Monday, September 2, 2013

Honoring a Union Member Ancestor on Labor Day

Little did I know when I read Noble Obsession: Charles Goodyear, Thomas Hancock and the Race to Unlock the Greatest Industrial Secret of the 19th Century, by Charles Slack, in 2002 that a dozen years later I would discover a more personal connection to the invention of vulcanized rubber. No, my family is not related to Charles Goodyear; that's not how we roll. We were the factory workers, the farmers, the miners, and the auto plant drones.

Charles Goodyear, circa 1912. Painting by G. P. A. Healy

So it seems appropriate for me to talk about one of my union ancestors on Labor Day, our national holiday established to exhibit to the public "the strength and esprit de corps of the trade and labor organizations." In 1943, George Froelich* was elected president of the United Rubber Workers of America Local 45 in Naugatuck, Connecticut, and remained president for several years. George was my sister-in-law's grand uncle. The local union was formed in 1934.

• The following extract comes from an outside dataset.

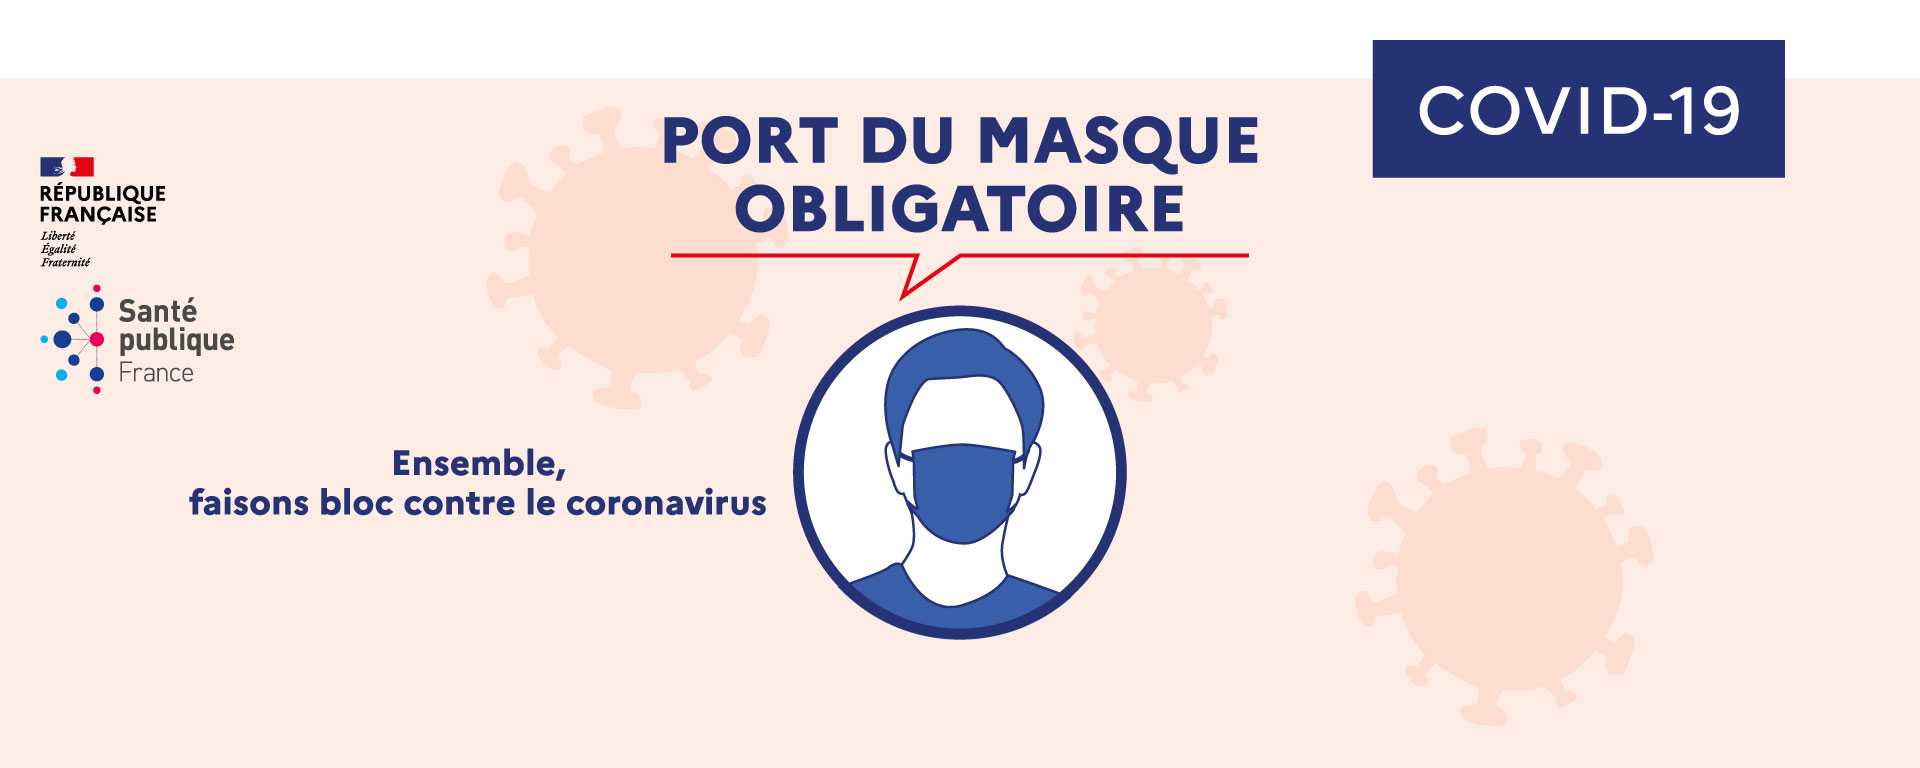 Port du masque obligatoire pour toute personne d'au moins 11 ans située sur les voies publiques, espaces publics et lieux ouverts au public

George Froelich's father William Froelich and his mother Osida Eberle Froelich were born in Hess, Germany, and came to the United States separately in the latter half of the 1890s and married shortly after their arrival. They had at least seven children, including George, who is listed as 2 years old on the 1910 federal census. By 1940 George was working in a Naugatuck rubber factory.

Naugatuck prides itself on being the "Cradle of the Rubber Industry." Akron, Ohio may be the "Rubber Capital of the World," but vulcanized rubber was first manufactured in Naugatuck as early as 1843.

Manufacturing vulcanized rubber. Photo courtesy of the Metropolitan Museum of Art and was a gift of Mr. and Mrs. Martin Liefer

By 1892, there were many rubber manufacturing companies in Naugatuck, as well as elsewhere in Connecticut. Nine companies consolidated their operations in Naugatuck to become the United States Rubber Company. From 1892 to 1913, the rubber footwear divisions of U.S. Rubber were manufacturing their products under 30 different brand names, including the Wales-Goodyear Shoe Co. The company consolidated these brands under one name, Keds, in 1961, and were mass-marketed as canvas-top "sneakers" in 1917. They were the first sneakers.

The rise of the rubber labor union was often violent. Workers first attempted to organize in 1887 as part of the Knights of Labor. In 1903 the Amalgamated Rubber workers of America tried to organize Akron rubber plants and in 1904 they struck several plants in New Jersey for nearly a year but the strike failed. The union was broken by rubber companies by 1906. The Industrial Workers of the World (IWW), also known as Wobblies, organized a strike that failed in 1912.

Early rubber worker attempts to strike. Photo courtesy of the Summit County Historical Society

Changes in the national economy actually gave workers what they had been demanding -- an 8-hour work day, higher wages, and improved safety and sanitary conditions -- before the rubber factories became unionized. It was the National Industrial Recovery Act that gave workers the right to organize. The legislation was enacted as part of Franklin Roosevelt's New Deal.

By 1945 union membership reached 189,918 rubber workers. The union secured pensions for workers in 1949 and insurance for hospitalization in 1953. The introduction of radial tires brought an end to tire production in Akron, Ohio and in 1985, Goodyear razed its Naugatuck rubber plant buildings.

Naugatuck Daily News photo of 1965 United Rubber Workers strike. George Froelich was a union negotiator at that time.

In 1995 the the United Rubber, Cork, Linoleum and Plastic Workers of America (URW) decided to join the United Steel Workers.

George Froelich on the far left with Senator Hubert Humphrey. Published in the Naugatuck Daily News on 25 Oct 1972.

George Froelich's wife died in 1991 and the Connecticut Death Index indicated she was a widow. I have not yet been able to locate a death record for George.
* George Froelich's older brother, Anthony, changed the spelling of Froelich to Froelick. Anthony's decsendants still use that spelling.